Weiter geht es mit "The Promise" - ein ruhiger Beginn und plötzlich setzen Drums und Gitarren ein (so was könnte man auch "mit der Tür ins Haus fallen" nennen). Ein durchgehender Rhythmus und der melodische Gesang scheinen teils nicht recht harmonieren zu wollen, doch die überzeugende stimmliche Leistung sowie Lyrics lassen dieses kleine "Problem" im Hintergrund verschwinden.
"Time to bring the Pain" - beeindruckend vielleicht durch den gleichbleibenden Gitarrenklang und den mehr gesprochenen als gesungenen Text- harmonisch ist außer dem einfallslosen Refrain herzhaft wenig.
"Somebody save me" beginnt, wie Lied Nummer 2, mit einem klaviergeprägtem Intro. Der eindringliche Gesang und die klare Stimme bringt eine ganz besondere Stimmung herüber und vermittelt eine einzigartige Gefühlswelt.

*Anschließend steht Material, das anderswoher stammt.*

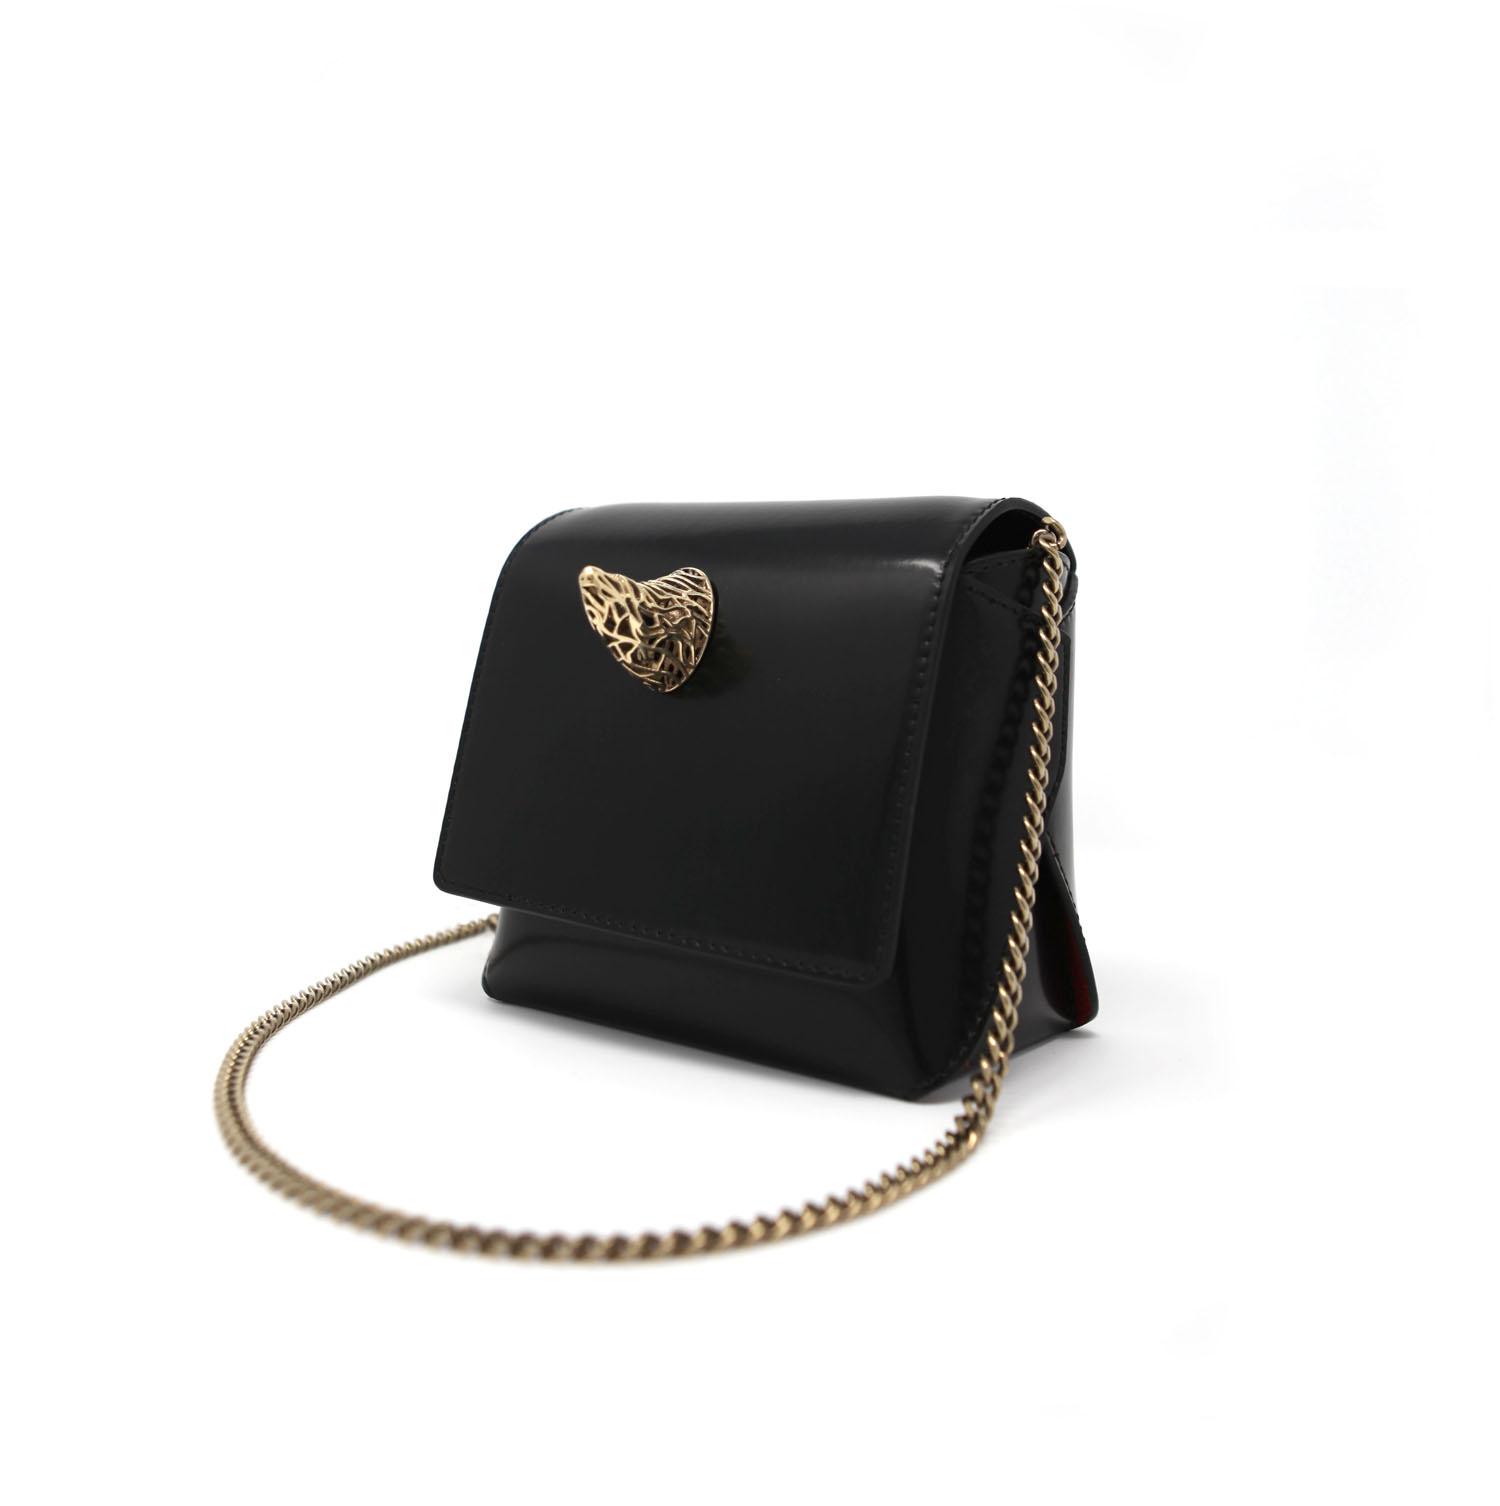 HandBags 22 - Maissa by Giulia Ber Tacchini Italian Custom Jewels and Luxury

"Scream" ist von langsamen Sprechgesang und dann extremst schnellen Sprechgesang geprägt, zwischendurch ist der gesungene Refrain nicht zu vergessen. Untermalt wurde das Ganze mit einem dominanten Gitarren-Sound.
"Lost" - Gitarren- und Schlagzeugsoundgleich am Beginn könnten den Hörer dazu veranlassen, auf ein Lied härtete Art zu schließen. Falsch. Weder soft noch hart- die perfekte Mischung. Ruhiger und doch fesselnder Gesang, ein Liedtext zum Mitsingen und dazu auch noch leicht emotional angehaucht- was will man (oder Frau) mehr?

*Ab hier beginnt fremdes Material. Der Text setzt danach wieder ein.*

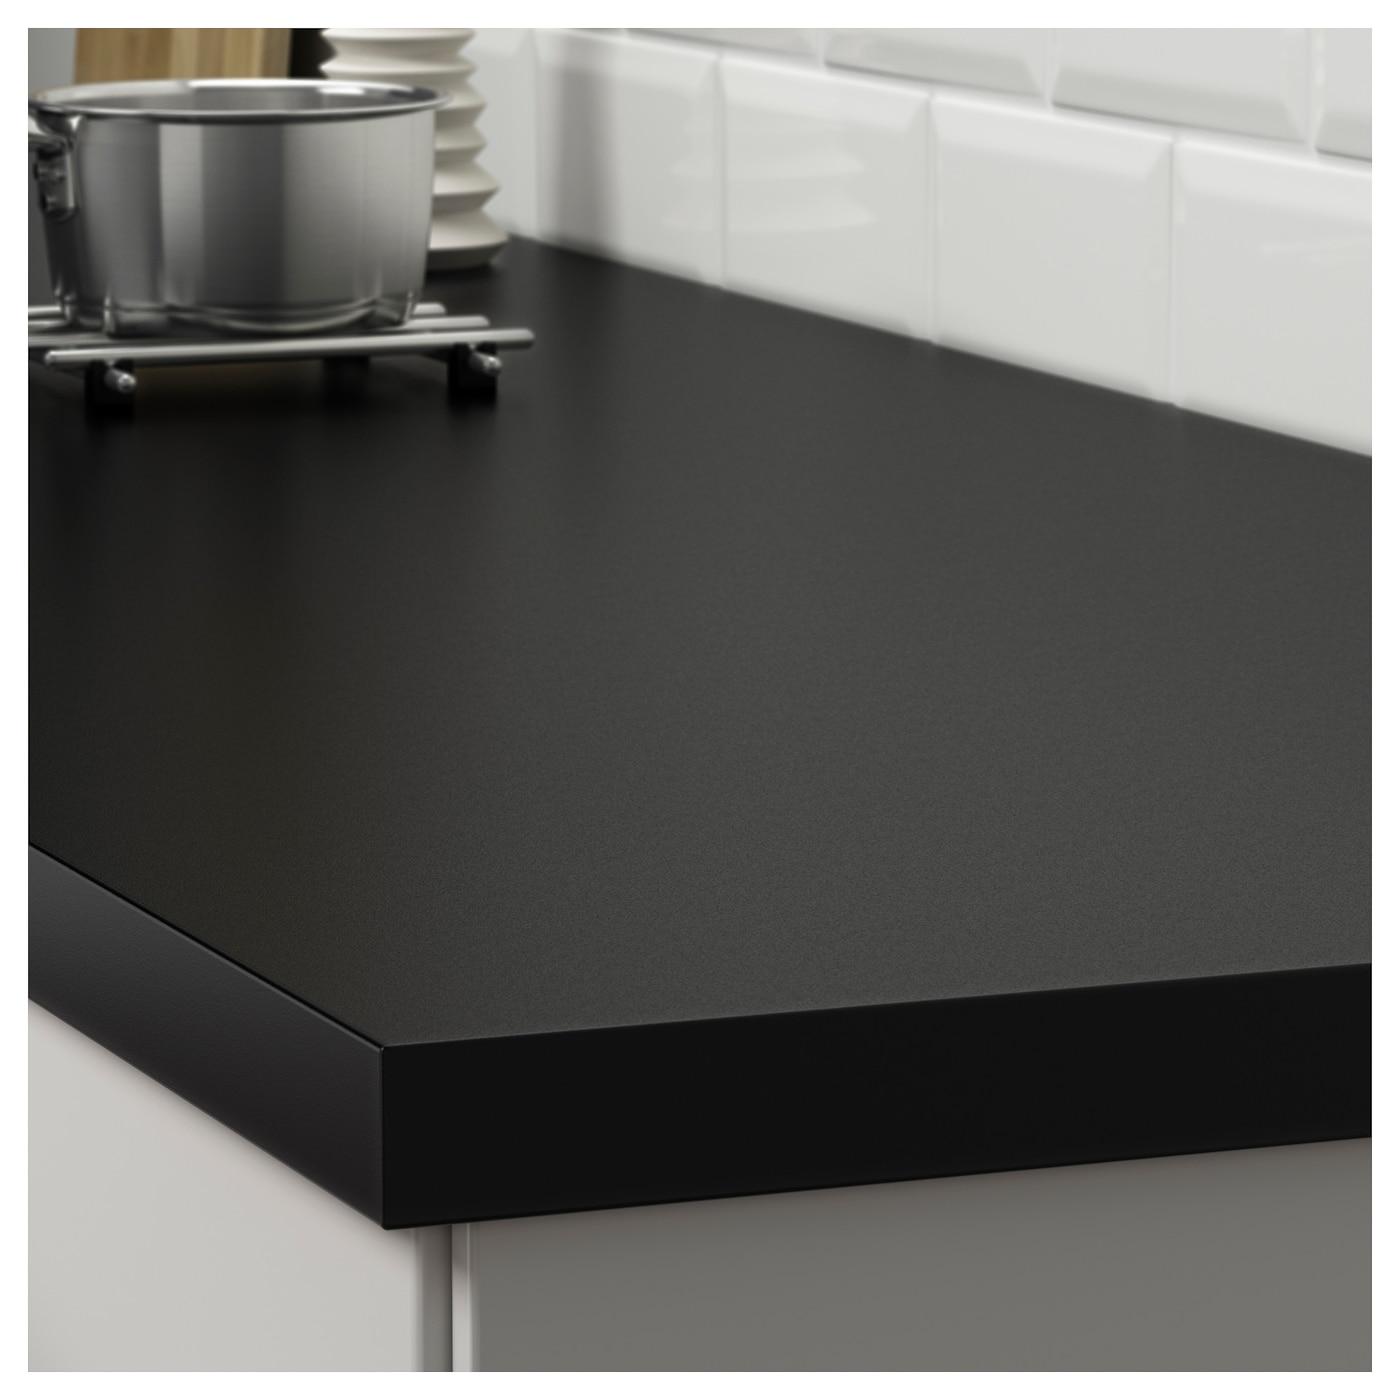 s ljan plan de travail sur mesure noir stratifi 63 6 125x3 8 cm ikea. Black Bedroom Furniture Sets. Home Design Ideas

Das Ticken einer Uhr geht über in die Mischung aus Gitarren und Gesang- "Out of Tears" wurde eingeläutet. Ein Lied, welches Enttäuschung, Frustration und Verzweiflung in Text und Musik perfekt wiederspiegelt.
"I canīt breathe" - Bass, Bass und noch einmal Bass. Stimmlich ist dieser Song wenig überzeugend; die Stimme flach und ohne jegliche besondere Aussagekraft- wie auch die Lyrics (zumindest meinem Geschmack nach).
"The Night all Angels cry" - da wäre das Klavier-Intro schon wieder- und wieder einmal sehr schön anzuhören- jedoch der Schnitt zwischen Intro und Beginn des Liedes ist umso härter. Inhaltlich (Unsicherheit über die gewählte Vergangenheit und somit über den gegangenen Weg) passen die Lyrics gut zu Stimmlage und Melodie.
"Dream yourself far away" - die zart und zerbrechlich scheinender Stimme geht größtenteils in der instrumentalen Begleitung unter, die teils wiederum nicht sehr passendend zum Gesang ist.
"Sweet Revenge" - süße Revanche. Gesang, der an das Mittelalter erinnert, gepaart mit schnellen Gitarren- unkonstanter Gesang und der hektische Rhythmus der Gitarren vermitteln sehr stark (ob gewollt oder nicht) eine sehr unruhige Atmosphäre. Der Refrain ist ein typischer Mitsing-Refrain ohne großes Niveau.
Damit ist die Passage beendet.